BreakingNews

Media “Abal-abal”, Narasumber Boleh Menolak Diwawancarai



JURNALTIMUR,-  Ketua Dewan Pers Yosep Adi Prasetyo mengatakan saat ini banyak sekali media asal-asalan yang memeras narasumber dan institusi pemerintah. Untuk menekan tumbuhnya media tak professional atau “abal-abal”, Dewan Pers akan menandai setiap media yang lolos verifikasi.

Yosep Adi Prasetyo
“Media yang lolos verifikasi akan memiliki logo semacam sertifikasi sehingga setiap narasumber tahu sedang berurusan dengan media apa,” kata  Stanley sapaan Yosep Adi Prasetyo dalam diskusi “Sertifikasi Kompetensi Wartawan”, di Gedung Dewan Pers, Jakarta,  Kamis (1/9/2016).  

Menurut Stensly, narasumber boleh menolak diwawancarai atau menolak membuka informasi jika media yang mewawancarai tak memiliki kompetensi jurnalistik.

Dikatakan Stanley,  dari sekitar 43.000 media online di Indonesia, hanya 211 yang lolos verifikasi atau bersertifikat.
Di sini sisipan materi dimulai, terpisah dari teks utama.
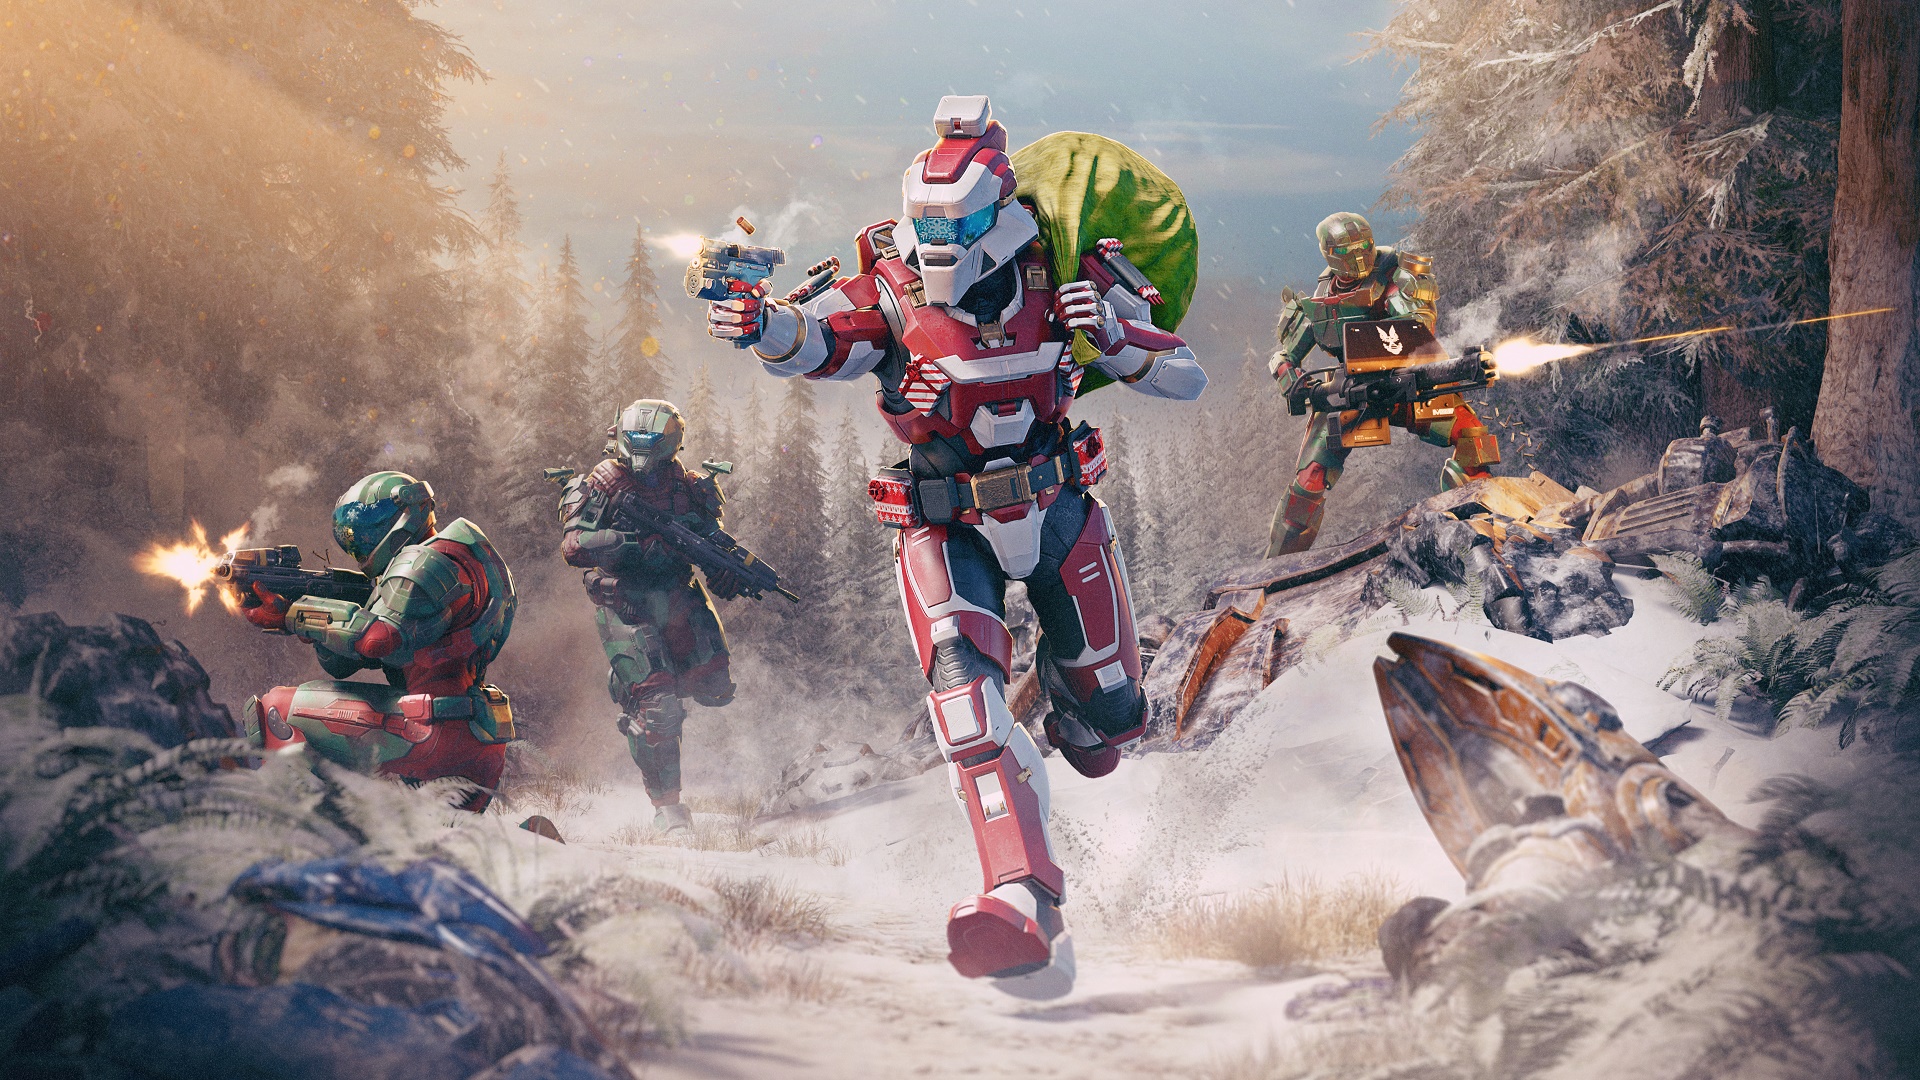 Halo Infinite key art for the Winter Contingency III Operation, showcasing four Spartans in the snow with the central one clad in Santa-inspired armor holding a green sack over their back

Dari 2.000 media cetak, hanya 460-an yang lolos verifikasi Dewan Pers.

“Penandaan yang diberlakukan pada media online dan cetak akan mulai diterapkan pada Februari 2017 dalam puncak acara peringatan Hari Pers Nasional di Ambon-Maluku. Dengan begitu, kata Stenly, para pejabat di daerah yang akan menjadi narasumber juga bisa membedakan wartawan yang benar atau abal-abal,” kata Stenly.

Dalam rangka meningkatkan kompetensi professional wartawan, Dewan Pers juga mendorong percepatan sertifikasi wartawan melalui uji kompetensi jurnalis. Sejak diluncurkan tahun 2010, sampai sekarang, wartawan yang bersertifikat baru sekitar 8.000 orang dari 80.000-an jurnalis di Indonesia.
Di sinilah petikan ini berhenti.